An upward (inverted) tree starting from your specified method and showing:
  • The method itself
  • What calls it (parents)
  • What calls those (grandparents)
  • Continuing to specified depth
Each node shows:
  • Percentage of samples where this caller leads to the target method
  • Caller method name

Flags

-m, --method
string
required
Substring match on method name (required). The method to analyze callers for.
--depth
int
default:"4"
Maximum depth of the callers tree. Controls how many levels of callers to show.
--min-pct
float
default:"1.0"
Hide nodes below this percentage threshold. Reduces noise from uncommon call paths.
--hide
regex
Remove frames matching this regex before analysis.
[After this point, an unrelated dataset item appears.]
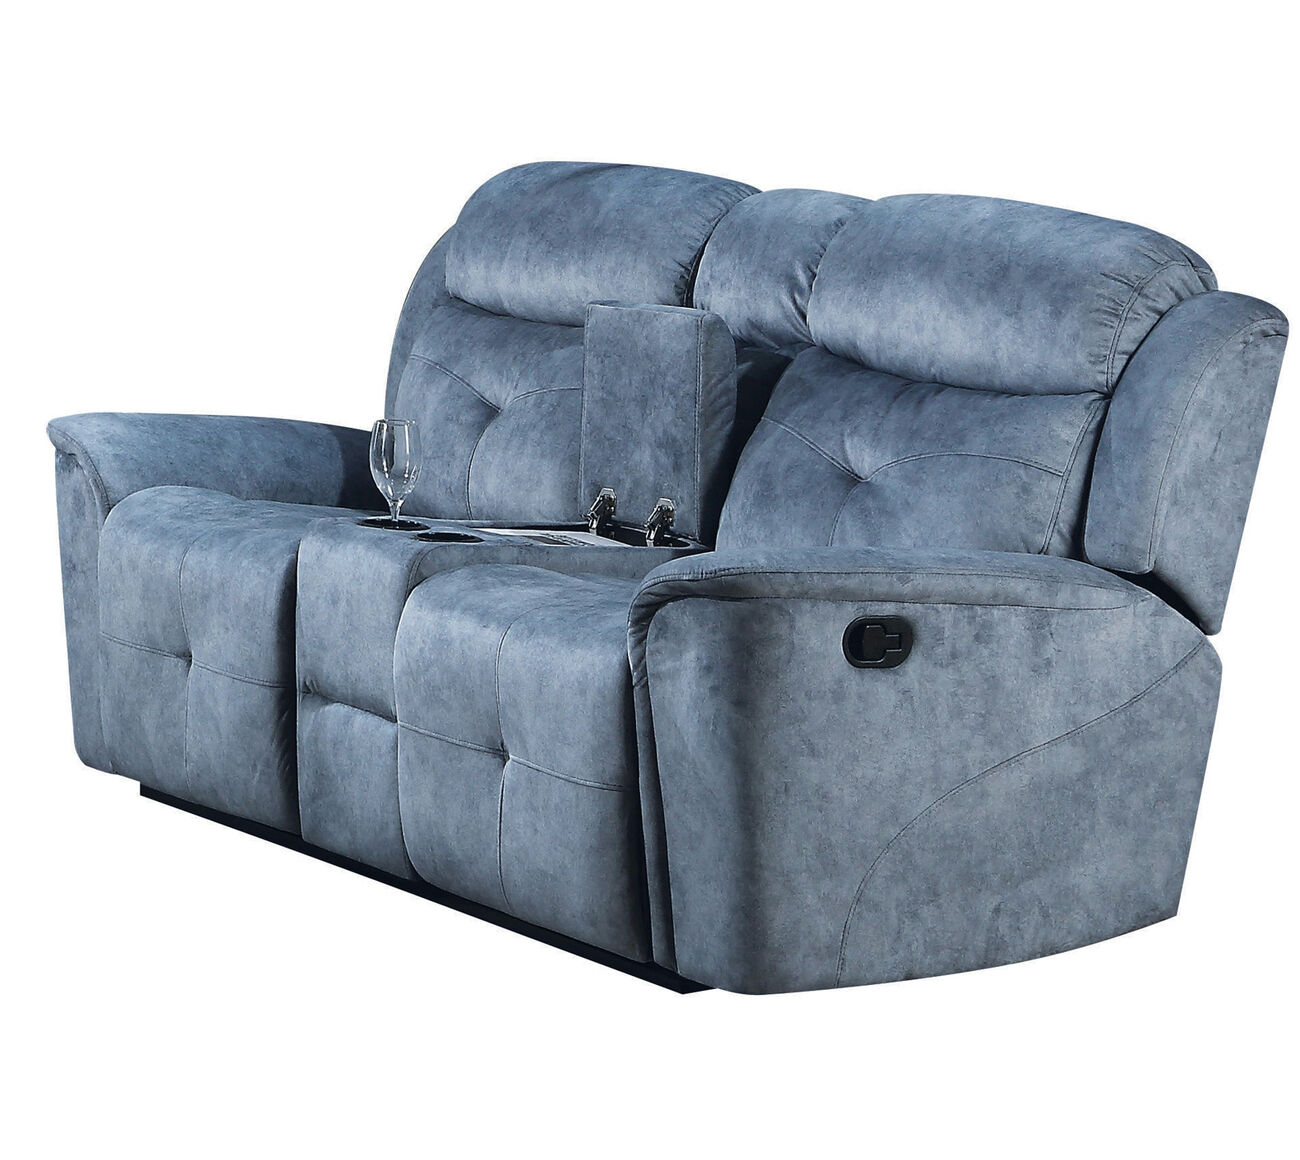 Fabric Upholstered Recliner Loveseat with Tufted Details, Blue

Useful for collapsing uninteresting intermediate frames.

Shared Flags

-e, --event
string
default:"cpu"
Event type: cpu, wall, alloc, lock, or hardware counter name.
-t, --thread
string
Filter to threads containing this substring.
--from
duration
Start of time window (JFR only).
--to
duration
End of time window (JFR only).
--no-idle
boolean
Remove idle leaf frames from analysis.

Examples

Basic Callers Tree

ap-query callers profile.jfr -m HashMap.hash
HashMap.hash (self=8.3%)
  HashMap.put (6.8%)
    UserService.cacheUser (3.2%)
      UserService.processRequest (2.1%)
      UserService.updateUser (1.1%)
    SessionManager.putSession (2.4%)
    ConfigLoader.loadConfig (1.2%)
  HashMap.get (5.3%)
    UserService.getUser (3.8%)
    SessionManager.getSession (1.5%)
Interpretation:
  • HashMap.hash has 8.3% self-time
  • It’s called by HashMap.put in 6.8% of samples
  • And by HashMap.get in 5.3% of samples
  • HashMap.put is called by UserService.cacheUser, SessionManager.putSession, etc.
Read the tree bottom-up: lower methods call higher methods. The indentation shows the call chain leading to your target method.

Deeper Callers Analysis

ap-query callers profile.jfr -m Arrays.copyOf --depth 8
Show 8 levels of callers instead of the default 4, going further up the call stack.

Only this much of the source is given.